**Source data**
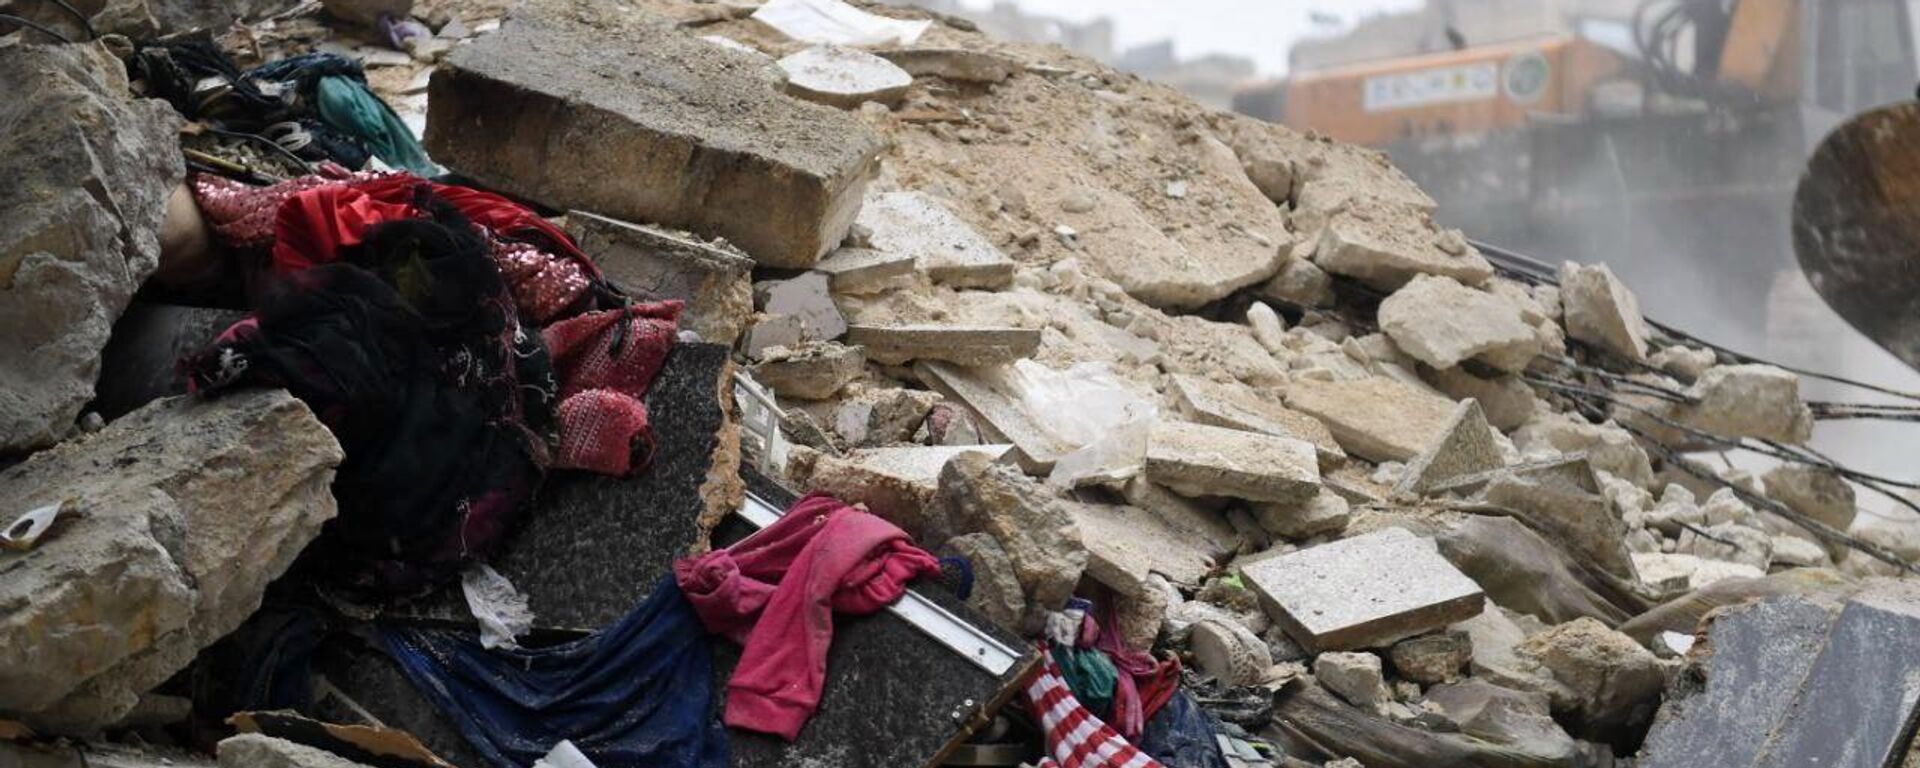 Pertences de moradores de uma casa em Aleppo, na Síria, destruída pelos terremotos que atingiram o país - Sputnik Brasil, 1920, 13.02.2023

* * *

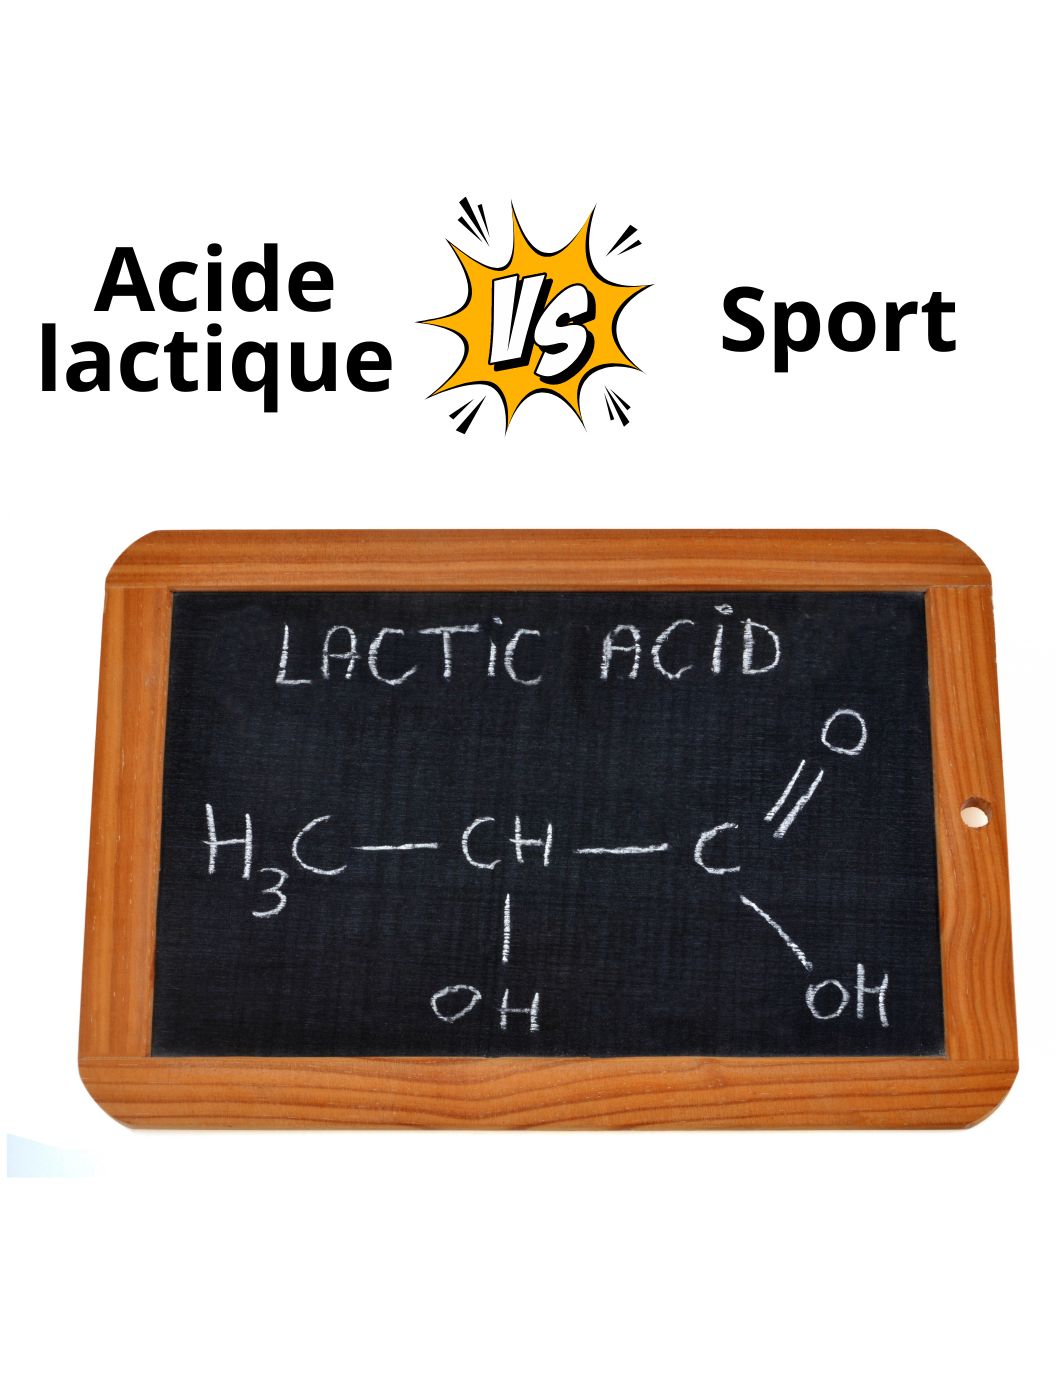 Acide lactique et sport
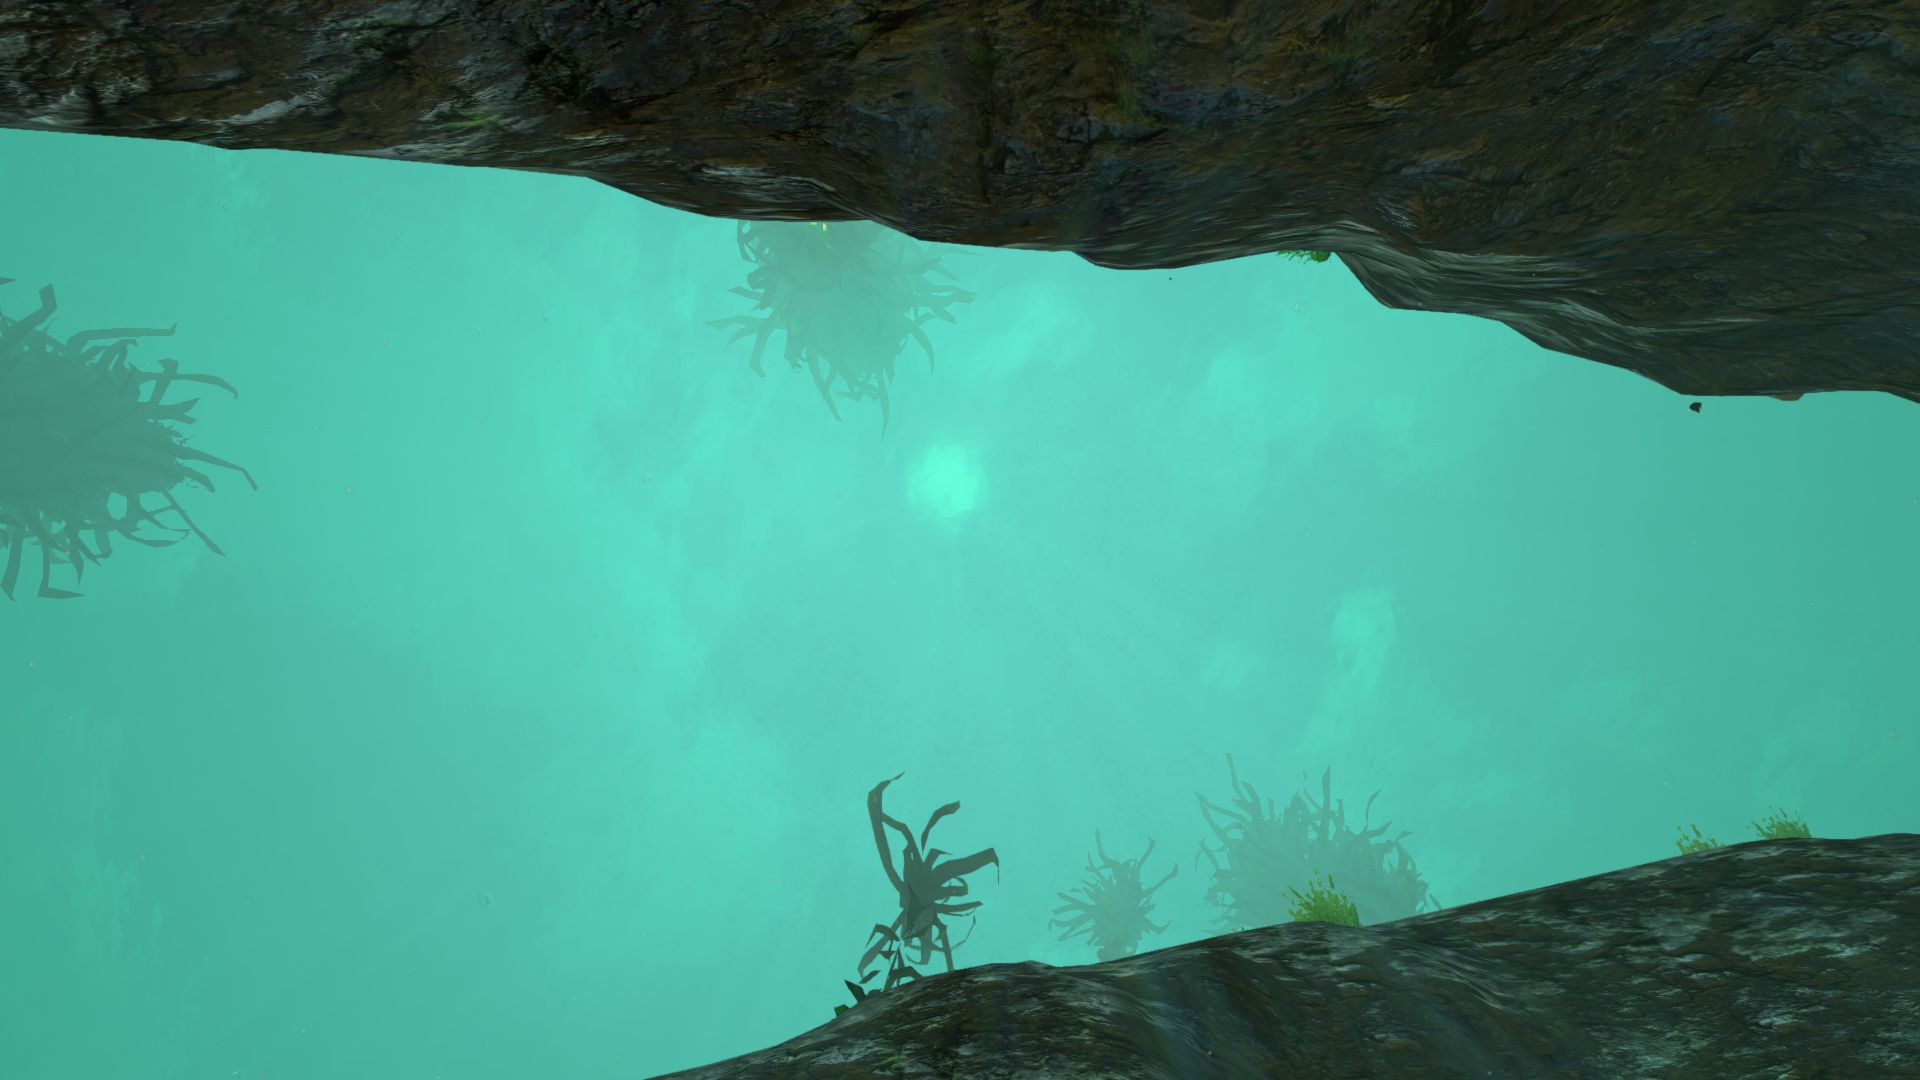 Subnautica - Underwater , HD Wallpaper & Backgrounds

**What you should do**
Copy word for word the span of the records above that begins at the line with "Acide lactique et sport" and ends at the line with "Subnautica - Underwater", including those two lines but not the pictures.

**Response to the exercise**
 Acide lactique et sport
 Subnautica - Underwater , HD Wallpaper & Backgrounds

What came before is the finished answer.